The coastal town of Whitby is in an almost unique position when it comes to walking and hiking trails.
To the north you have the North Yorkshire and Cleveland Heritage Coast, to the south you have Robin Hood’s Bay and Ravenscar and inland you have the beautiful North York Moors National Park. In fact, it doesn’t matter which direction you travel you’ll always find at least a handful of lovely hikes and walks around Whitby. All you have to decide is whether you prefer a coastal walk with the stunning sea views or a moors walk with the associated nature trails.
Walks around Whitby
According to one of the best walking websites we found (www.walkinginyorkshire.co.uk/whitby) there are over 50 popular walks around Whitby. This website not only describes each of the walks in detail, it also allows you to download free maps to keep you on the right path. What’s more the people who have put the website together have added useful information about each walk including the length, the ability it is most suitable for and whether it is accessible to wheelchairs and pushchairs.
Obviously we can’t mention all 50+ walks around Whitby so we’ve chosen just a few that we feel really show off the beauty of Whitby and the area surrounding it. For more walk information please do visit the website mentioned above.
Robin Hood’s Bay Walks
There are numerous walks that take in the lovely area that is Robin Hood’s Bay so even if you’re a novice you’ll be able to find one to suit. Some of the walk routes take in just the coastal path (Cleveland Way) and are very easily navigated whereas others do a loop by going inland. These routes normally entail fields, stiles and occasionally country roads so they may not be suitable for youngsters or those with limited mobility.
By walking around Robin Hood’s Bay you’ll get to visit such places as Stoupe Brow and Boggle Hole before returning to the village for possibly the best fish and chips in Yorkshire. If the tide is out when you get to the Cleveland Way (the cliff path) you can walk along the beach below the cliff. If you choose to walk up the coast you’ll reach Whitby in around an hour, whereas walking down the coast will bring you to the pretty village of Ravenscar.
The Robin Hood’s Bay – Ravenscar – Robin Hood’s Bay loop is very popular as it takes in the coastal areas and the moorlands. Being around 8 miles long with a few ups and downs and a steep climb at the end (from Baytown back up to Robin Hood’s Bay) it is given an ‘amateur’ rating so you will benefit from a decent level of fitness. Saying this you can always walk back up the coastal path that you walked down and leave the moorlands for the more adventurous.

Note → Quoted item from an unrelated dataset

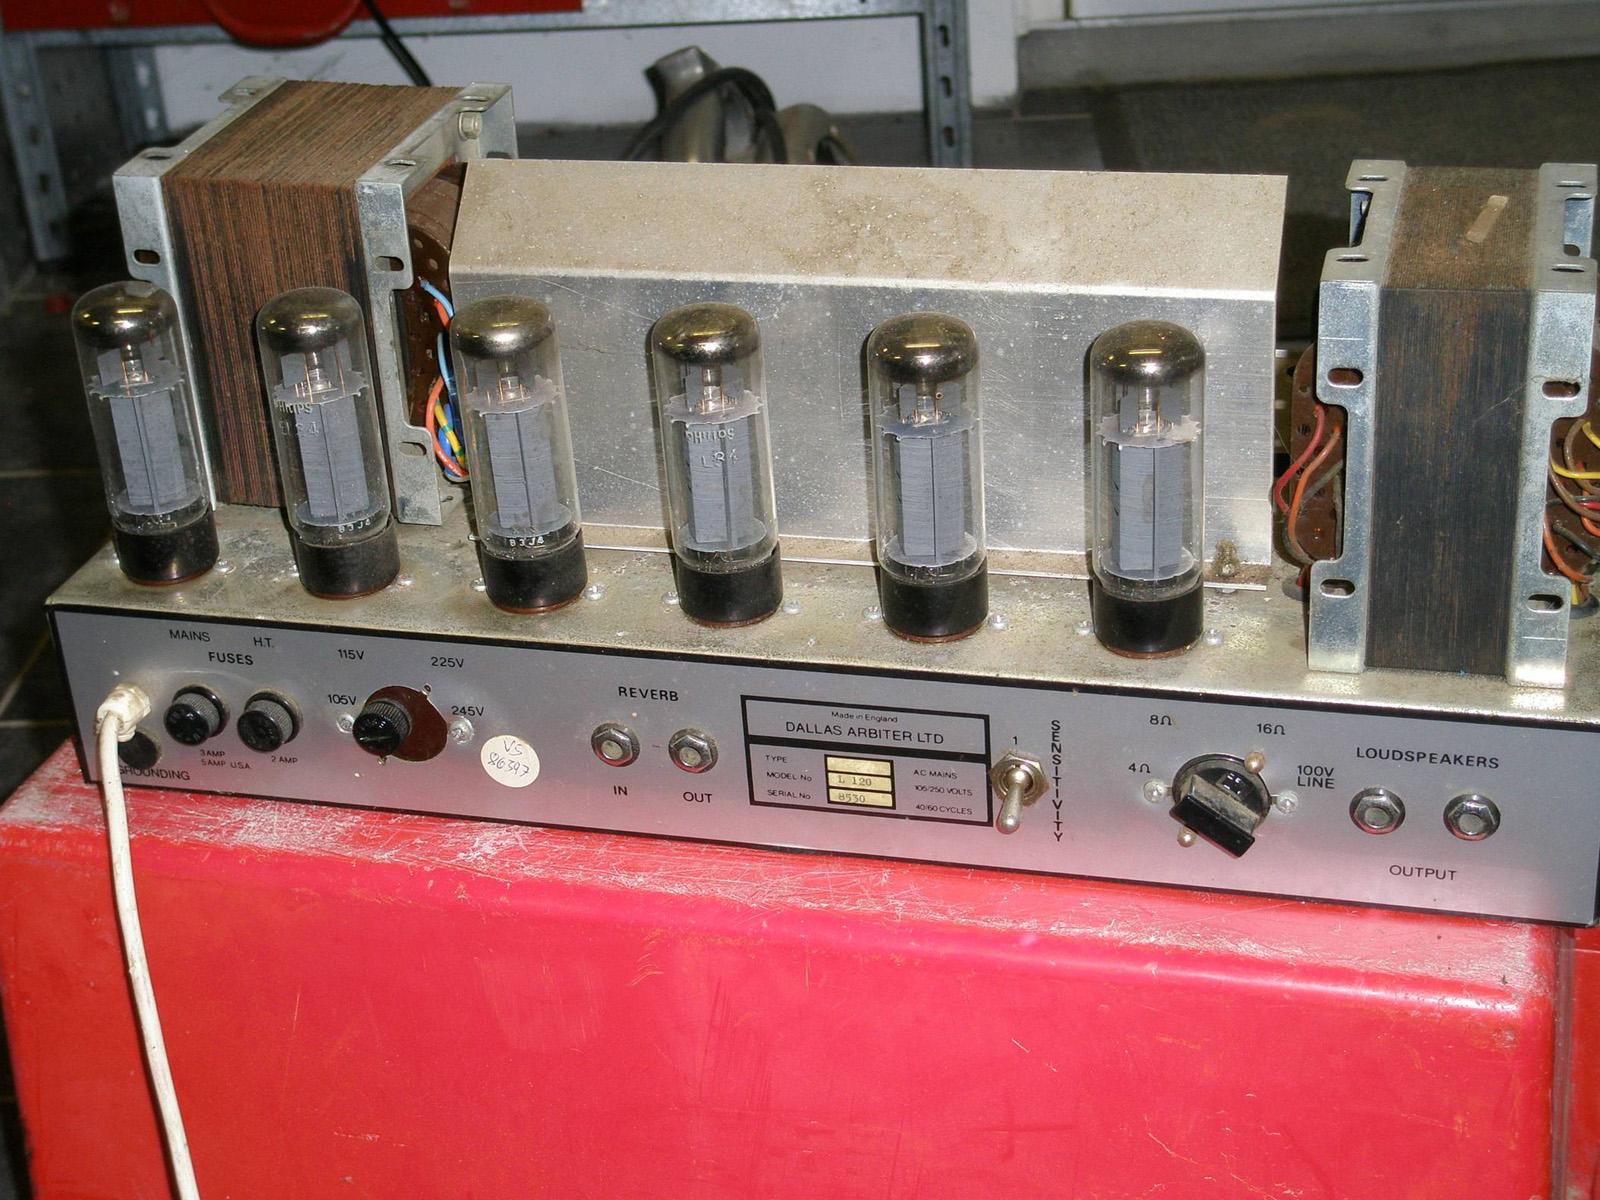 2x30w El34 Tube Amplifier Kaizer Power Electronics Wave Rectifier Circuit For Amp Tubeamplifier Audiocircuit Image009

Staithes is a lovely town about 10 miles north of Whitby and can be reached via foot along the Cleveland Way (the main coastal path). Obviously if you walk 10 miles from Whitby to Staithes you’ll need to walk back again, although there is a bus service that runs regularly throughout the summer months.
Most people choose to travel by car to Staithes and then follow one of the many walking routes around the town and the surrounding countryside. The town itself is built onto quite a steep slope and in order to take full advantage of the sea views you will need to climb several steep hills. Saying this, they are definitely worth the climb.
One of the most popular walks around Staithes is the loop route that takes the coastal road south to Port Mulgrave before returning through farmland and picturesque woodland. The route is about 4 miles long and is quite easy to follow. Port Mulgrave is a lovely place to stop and have a rest and has a number of cafes and pubs to refresh your palette before starting the journey back. If you’re feeling a bit more energetic then you might like to carry on when you reach Port Mulgrave and visit Runswick Bay; another beautiful place well worth a visit.
North York Moor National Park
All of the Whitby walks take place in the area known as the North York Moor however if you fancy going a bit further inland you’ll be able to take advantage of the true moorland walks in the main National Park area. There are probably more walking routes documented for the park area than you could ever complete so it’s just a case of choosing the ones you really want to do.
The website mentioned above includes several of the most popular moorland walks including the Lealholm circular. This loop walk is around 7.5 miles long and takes in the stunning scenery of Glaisdale, Great Fryup Dale (we kid you not) and Eskdale. It’s classed as ‘moderate’ on the difficulty scale and does include quite a few steep climbs, but the views from the top of the climbs makes them worthwhile. The majority of the walk is on designated pathways however there are a few road stretches to be aware of.
According to reviews by proficient hikers the routes in the Yorkshire Dales are amongst the best in the country. They are very well signposted and rarely do they leave the main trails.
So, if you’re thinking about visiting Whitby in the near future don’t rule out the idea of getting out in the fresh air and discovering the real town and the surrounding areas. Even if walking isn’t really your thing you’ll be glad you took to your feet. After all, you never know what lost relics you might find while tramping around the beautiful Yorkshire Moors and many of the other beautiful walks around Whitby.